Le mal aigu de décompression est traité en plaçant les personnes affectées dans
une chambre à haute pression, pour forcer le gaz à se dissoudre dans la solution.
Une décompression lente subséquente permet une résorption et une expiration
progressives du gaz, de sorte que les bulles obstructives ne se reforment pas.
RÉSUMÉ
Embolie
• Un embole est une masse solide, liquide ou gazeuse transportée par le sang vers
un site éloigné de son origine; la plupart sont des thrombi délogés.

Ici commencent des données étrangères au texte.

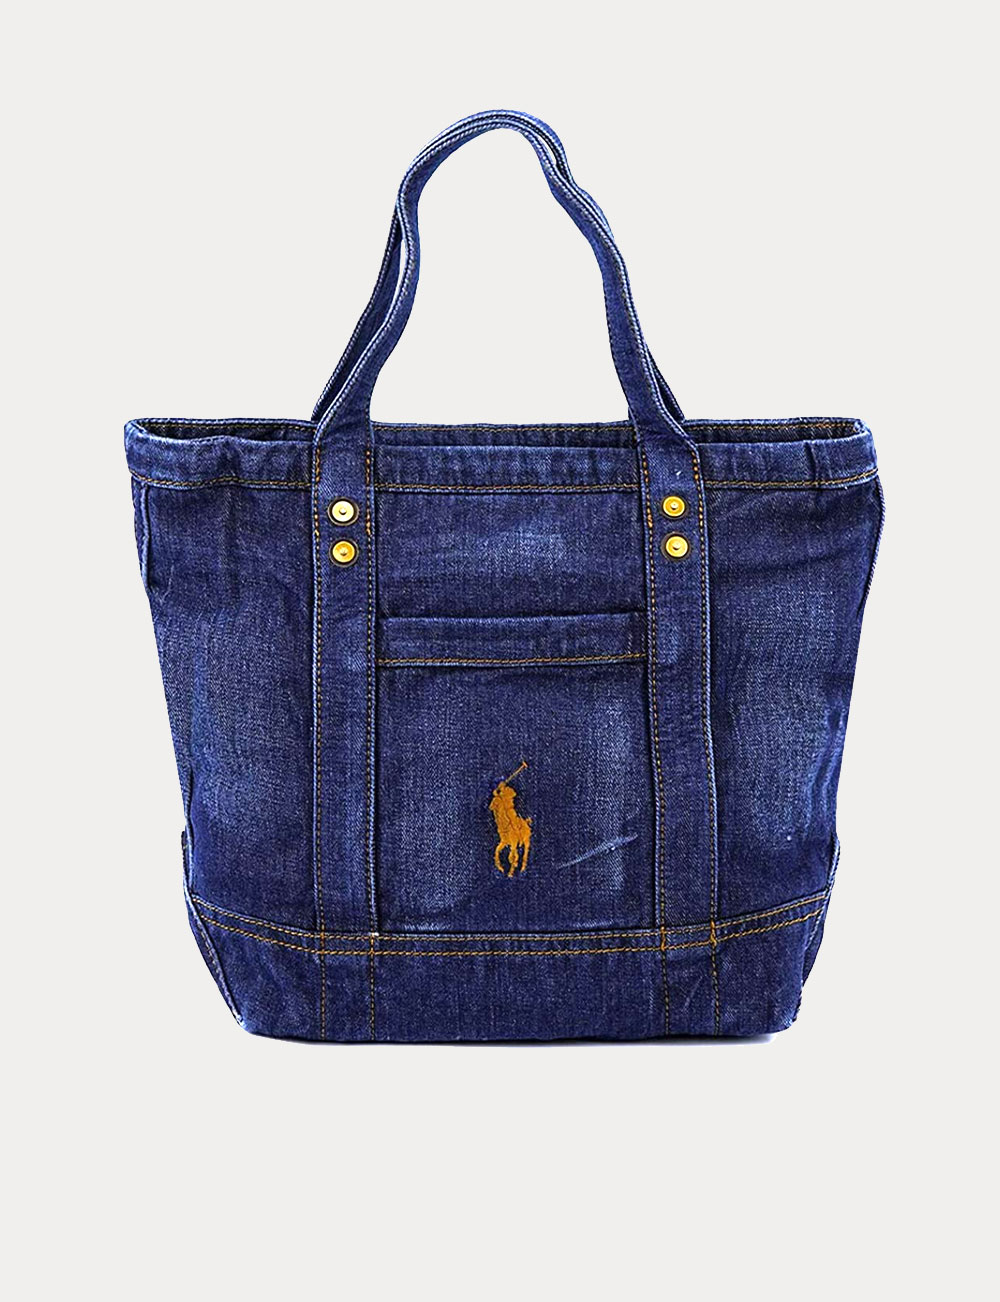 Accessoire en jean, le sac Ralph Lauren
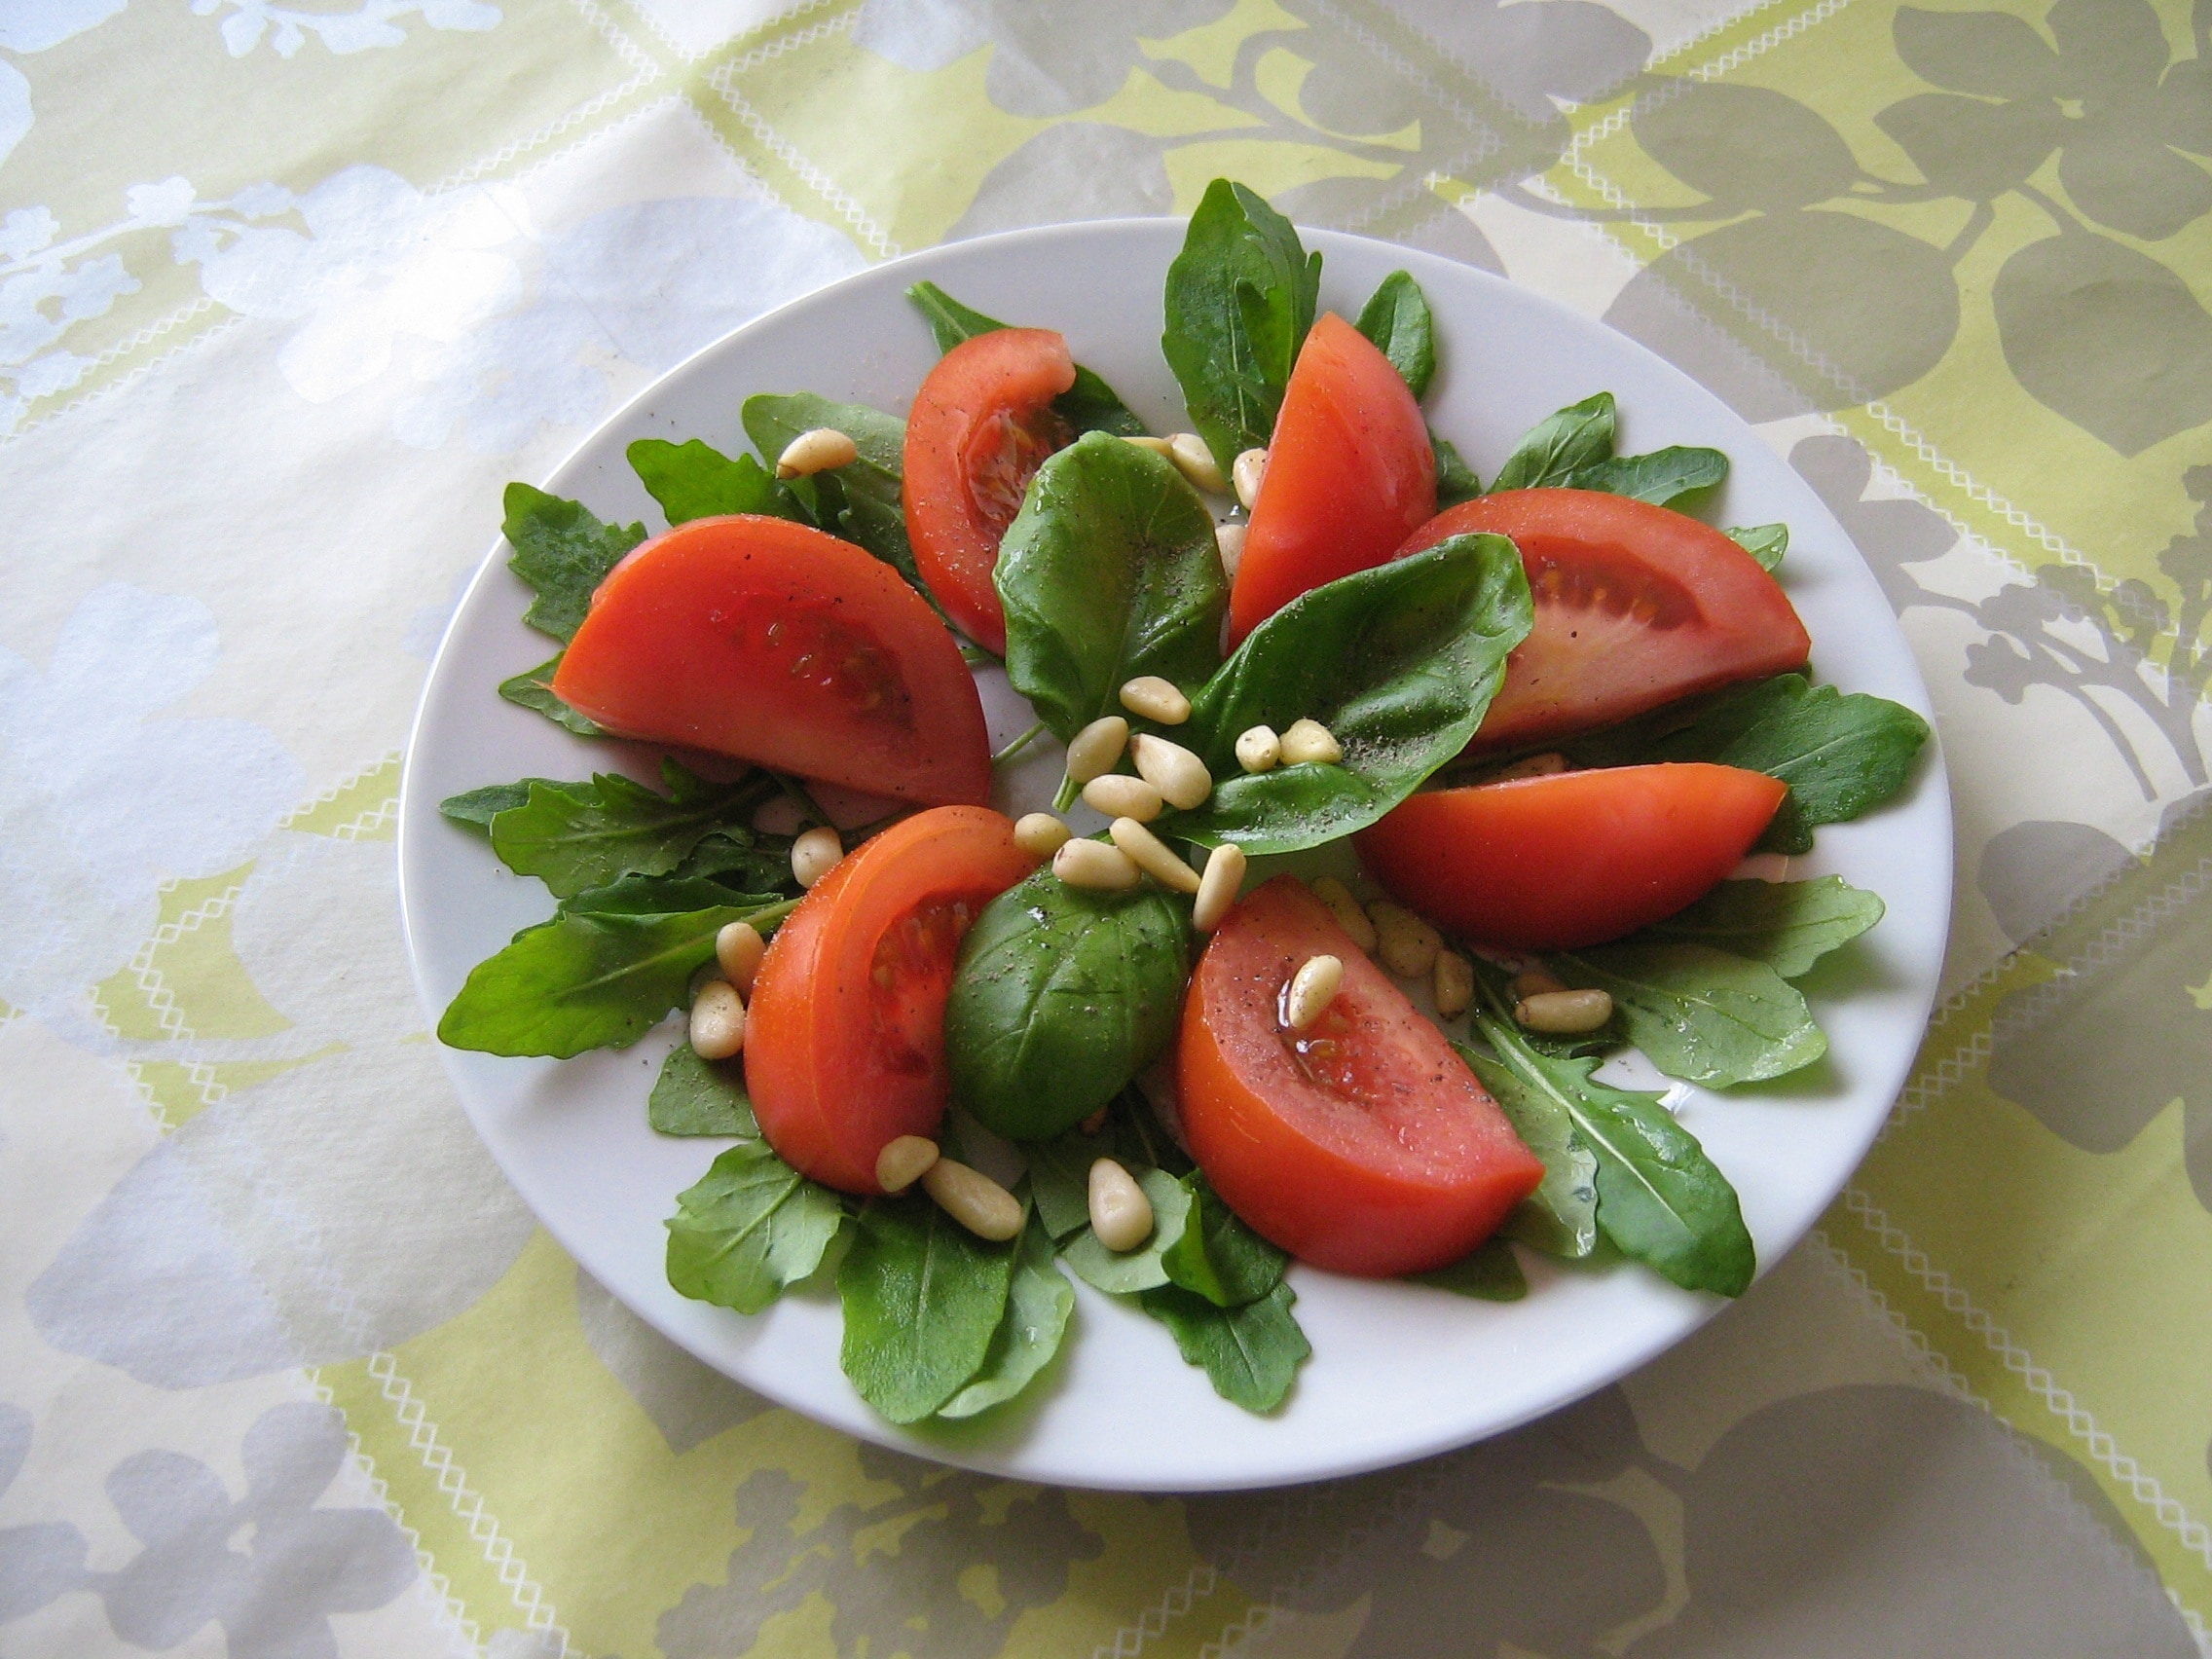 Tomatoes, Food, Salad, Fresh, Healthy, salad, tomato

• Les emboles pulmonaires proviennent principalement des thrombus veineux
profonds des membres inférieurs; leurs effets dépendent principalement de la taille
de l'embole et de l'endroit où il se loge. Les conséquences peuvent inclure une
insuffisance cardiaque droite, une hémorragie pulmonaire, un infarctus pulmonaire
ou une mort subite.
• Embolie systémique dérive principalement de la peinture murale cardiaque ou
les thrombus valvulaires, les anévrismes aortiques ou les plaques athérosclérotiques;
si un embolus provoque un infarctus tissulaire dépend du site d'embolisation et de la
présence ou l'absence de circulation collatérale.